We are happy to announce the final program of the workshop. The workshop will be held on Friday May 25th, 2018

Session 1 (9:00 - 10:00)


Keynote Speaker: Franck Cappello (Argonne National Laboratory)

Title: Lossy compression of scientific simulation data: from visualization to checkpoint/restart

Abstract: Extreme-scale scientific simulations are already generating more data that can be communicated stored and analyzed. The data flood will get even worse with future exascale systems. This is true for output data and also for checkpoint/restart data. Scientific data reduction is a necessity to drastically accelerate I/O, reduce data footprint on storage and also to speed-up significantly computation, as demonstrated by the 2017 Gordon Bell award winner. But reduction should be performed wisely, for execution correctness (checkpoint/restart) and to keep the information that matters for the scientists. We can try to develop application-specific lossy data reduction techniques or to compress the dataset with advanced generic lossless compression algorithms. Unfortunately, these two approaches are either unpractical for most applications or do not provide enough data reduction for scientific datasets. Other domains already familiar with Big Data massively employ lossy compression to reduce the data size. However, lossy compression has very rarely been applied to scientific simulation data and as a result it is not well understood. In this talk, we will present challenges and opportunities in terms of compression algorithms and application of lossy compression to scientific data. We will detail not only the best-in-class compression algorithms but also the tools to assess comprehensively the error introduced by lossy compression. We will give examples of lossy compression of scientific datasets with application to visualization and checkpoint/restart. Lossy compression of scientific data reveal itself as a fascinating young research domain with many opportunities to explore and discover new techniques.

Short Bio:
Franck is senior computer scientist at Argonne National Laboratory and adjunct associate professor in the department of computer science at University of Illinois at Urbana Champaign. He is the director of the Joint-Laboratory on Extreme Scale Computing gathering six of the leading high-performance computing institutions in the world: Argonne National Laboratory (ANL), National Center for Scientific Applications (NCSA), Inria, Barcelona Supercomputing Center (BSC), Julich Supercomputing center (JSC) and Riken AICS. Franck is an expert in parallel/distributed computing and high-performance computing. Recently he started investigating lossy compression for scientific datasets to respond to the pressing needs of scientists performing large scale simulations and experiments for significant data reduction. Franck is member of the editorial board of IEEE Transactions on Parallel and Distributed Computing and of the IEEE CCGRID steering committees. He is fellow of the IEEE.

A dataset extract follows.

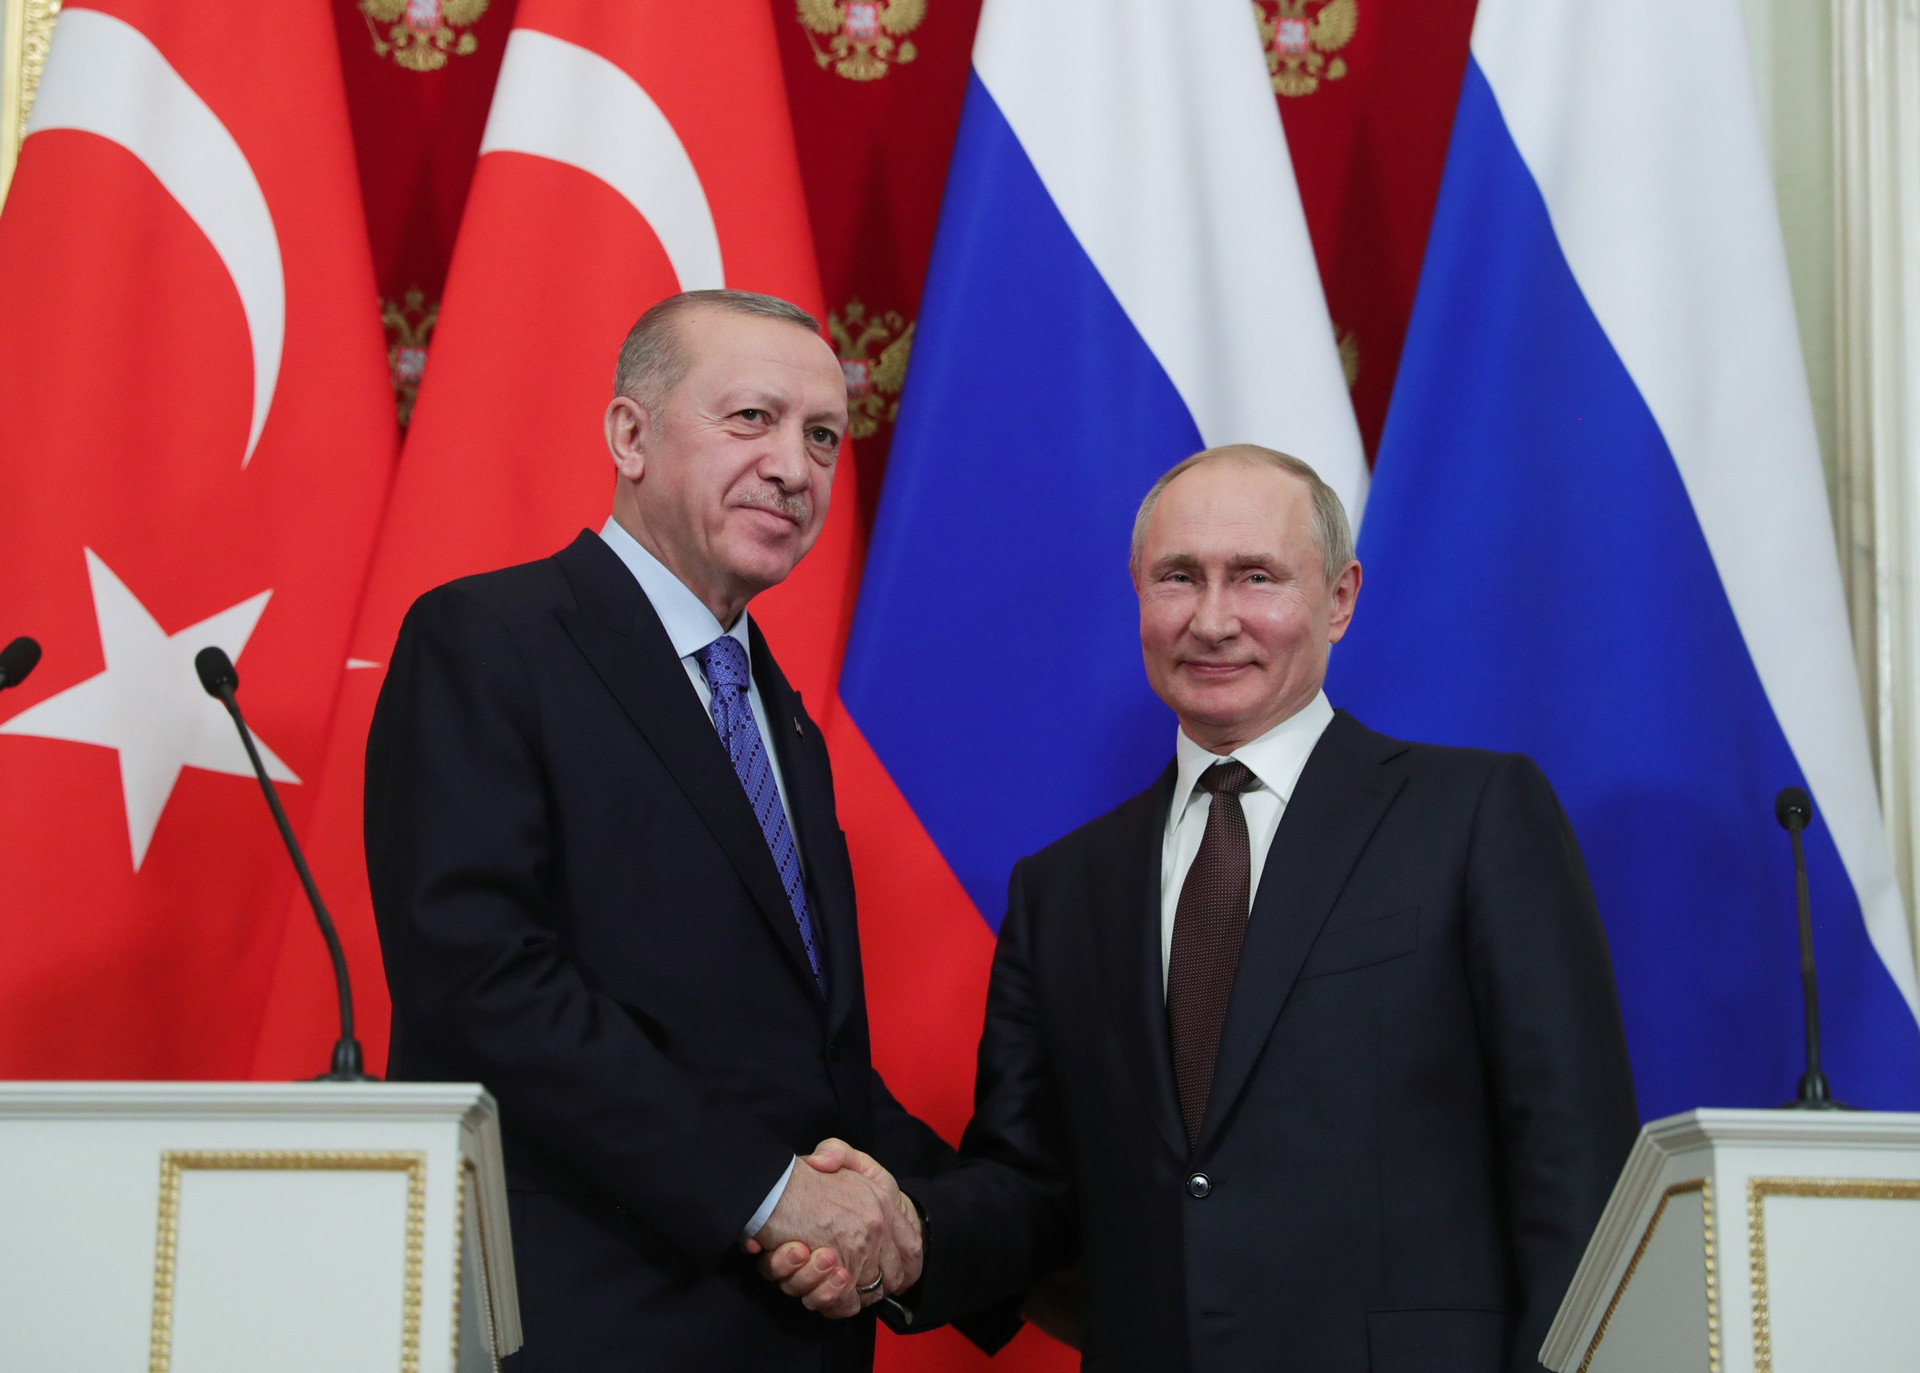 Tổng thống Nga Vladimir Putin và Tổng thống Thổ Nhĩ Kỳ Recep Tayyip Erdogan. Ảnh: Daily Sabah.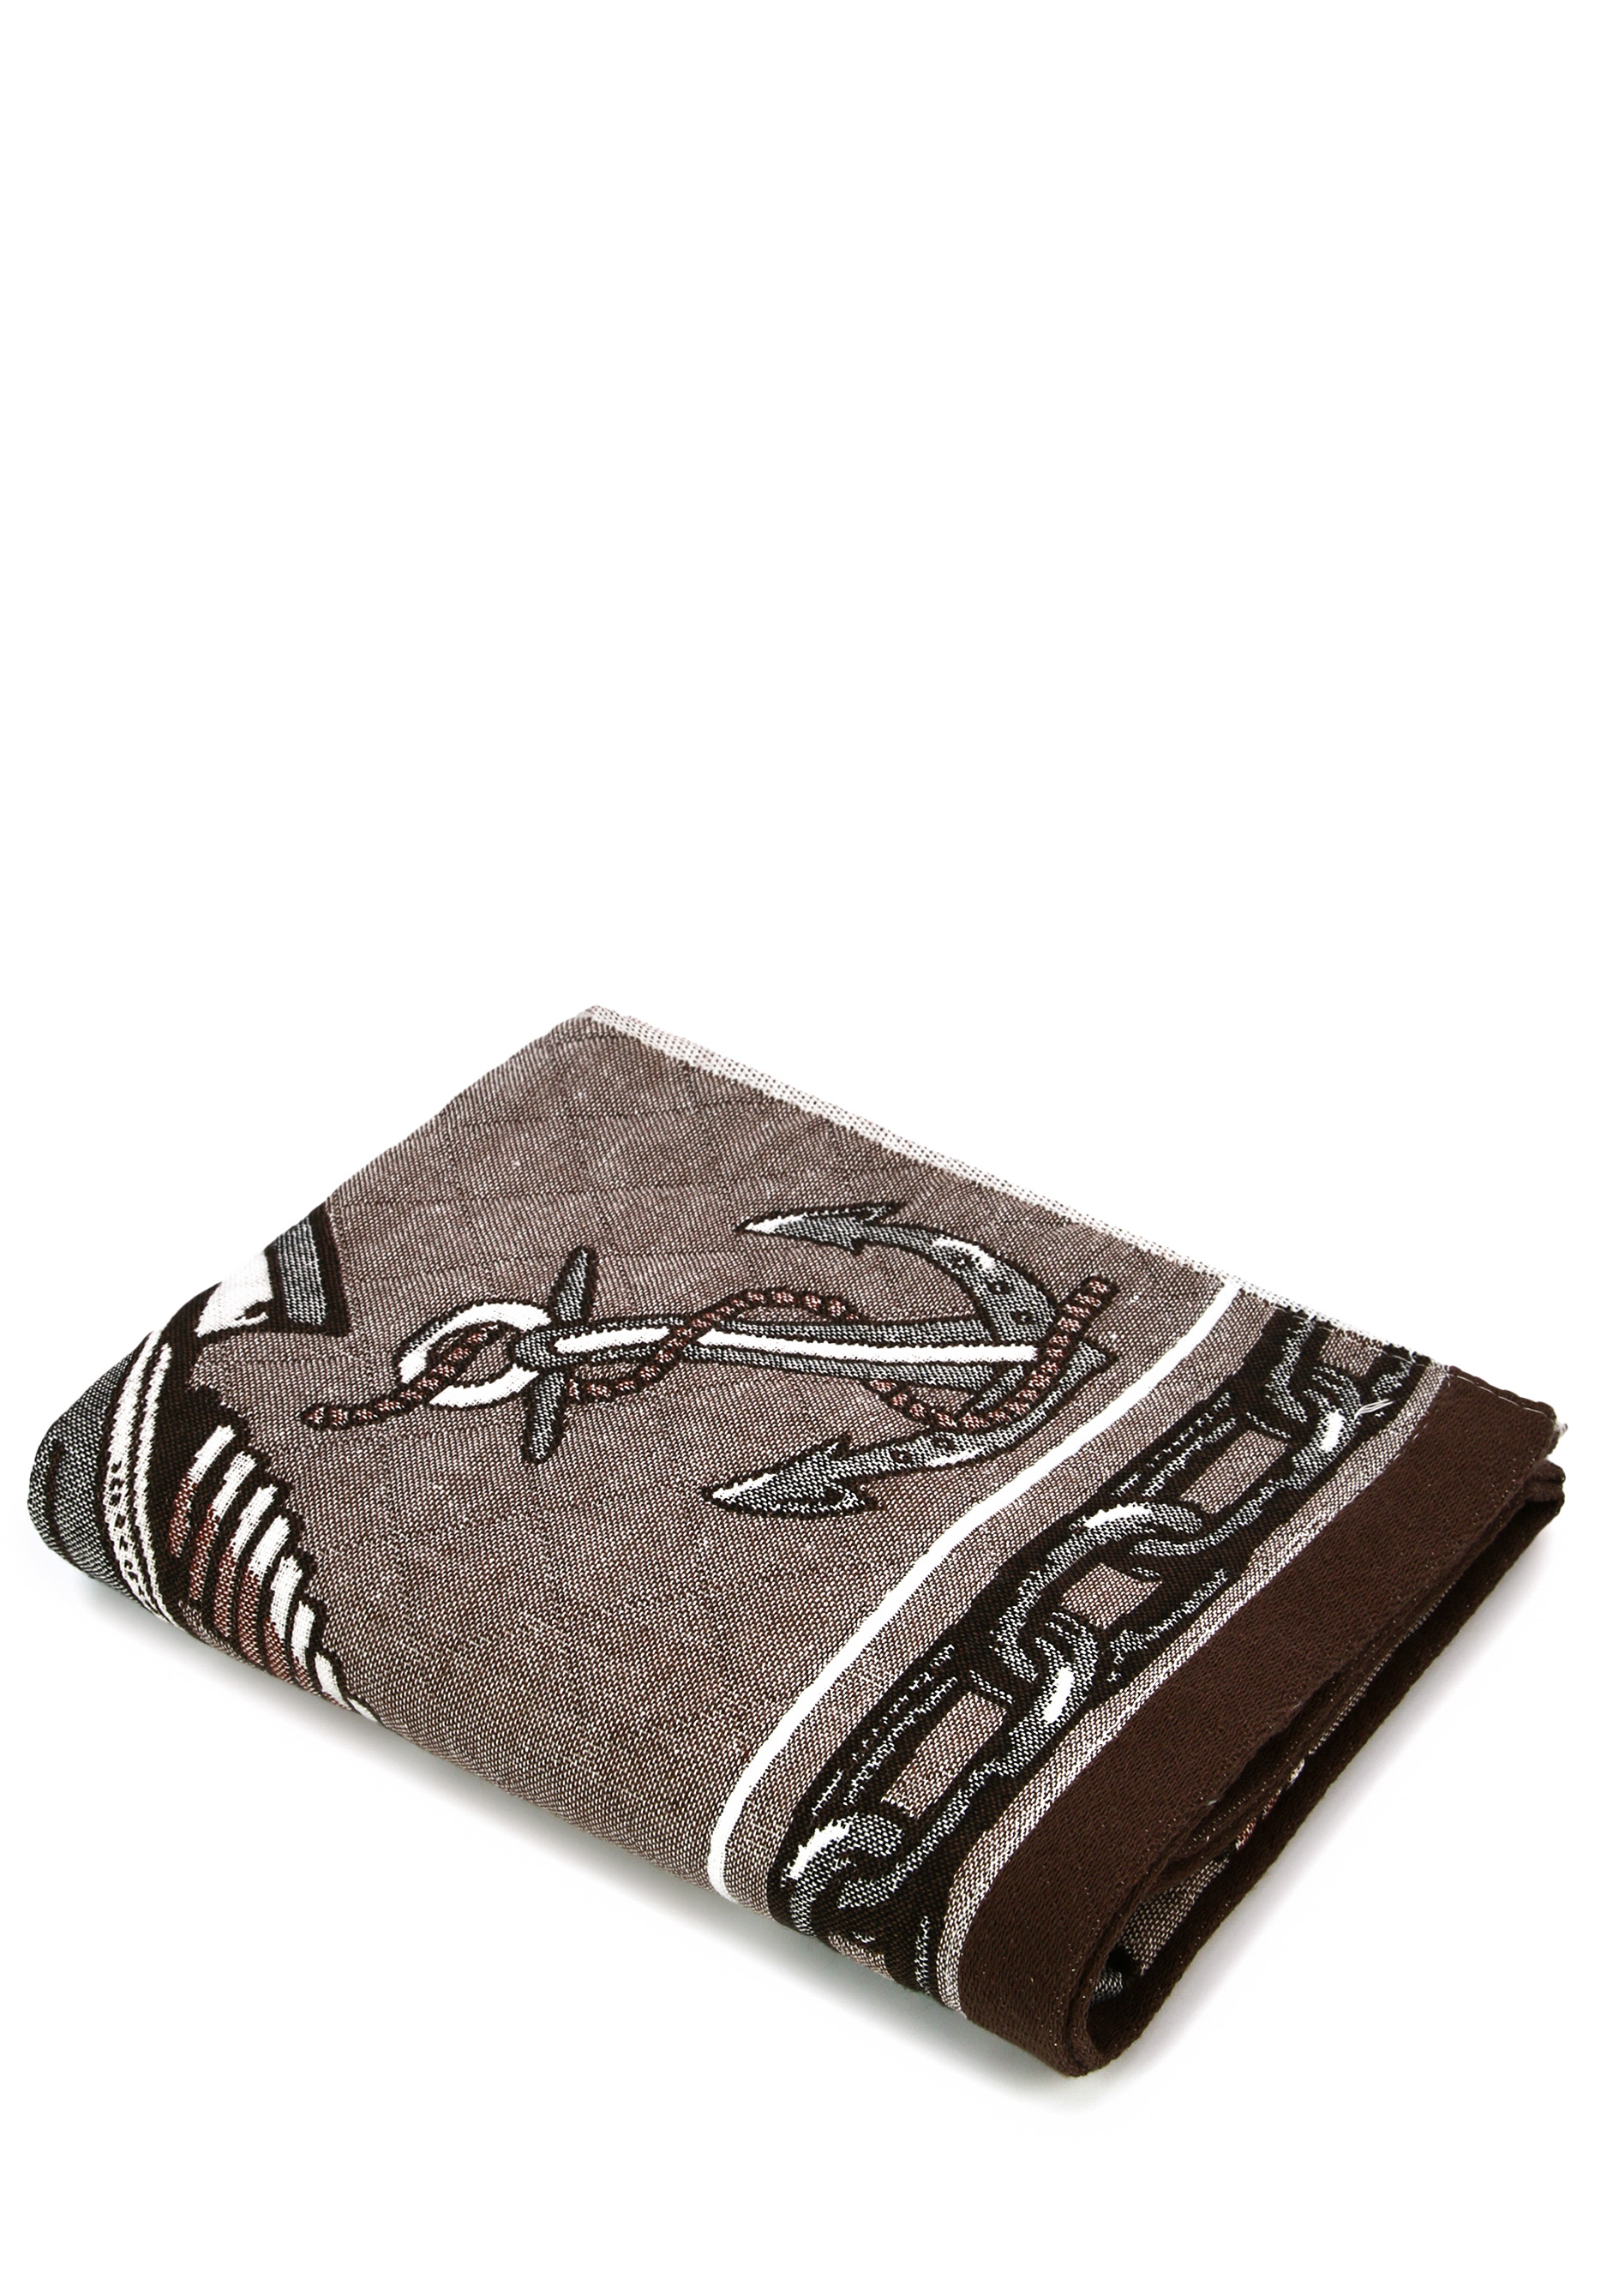 Полотенце стеганое "Реванш", 55*100 см, цвет коричневый, размер 55*100 - фото 2

Cofee Break (10:00 - 10:30)

Session 2 (10:30 - 12:00)


Data-Locality Aware Dynamic Schedulers for Independent Tasks with Replicated Inputs

Olivier Beaumont, Thomas Lambert, Loris Marchal, Bastien Thomas


Transferring Data from High-Performance Simulations to Extreme Scale Analysis Applications in Real-Time

Thomas Marrinan, Silvio Rizzi, Joseph Insley, Brian Toonen, William Allcock, Michael Papka


Towards a TRansparent I/O solution

Fotios Nikolaidis, Nick Kossifidis, Thomas Leibovici, Soraya Zertal

Workshop Description

The deployment of extreme scale computing platforms in research and industry coupled with the proliferation of large and distributed digital data sources have the potential for unprecedented insights and understanding in all areas of science, engineering, business, and society in general. However, challenges related to the Big Data generated and processed by these systems remain a significant barrier in achieving this potential.

Addressing these challenges requires a seamless integration of the extreme scale/high performance computing, cloud computing, storage technologies, data management, energy efficiency, and big data analytics research approaches, framework/technologies, and communities. The convergence and integration of exascale systems and data analysis is crucial to the future. To achieve this goal, both communities need to collectively explore and embrace emerging disruptions in architecture and hardware technologies as well as new data- driven application areas such as those enabled by the Internet of Things. Finally, educational and workforce development structures have to evolved to develop the required integrated skillsets.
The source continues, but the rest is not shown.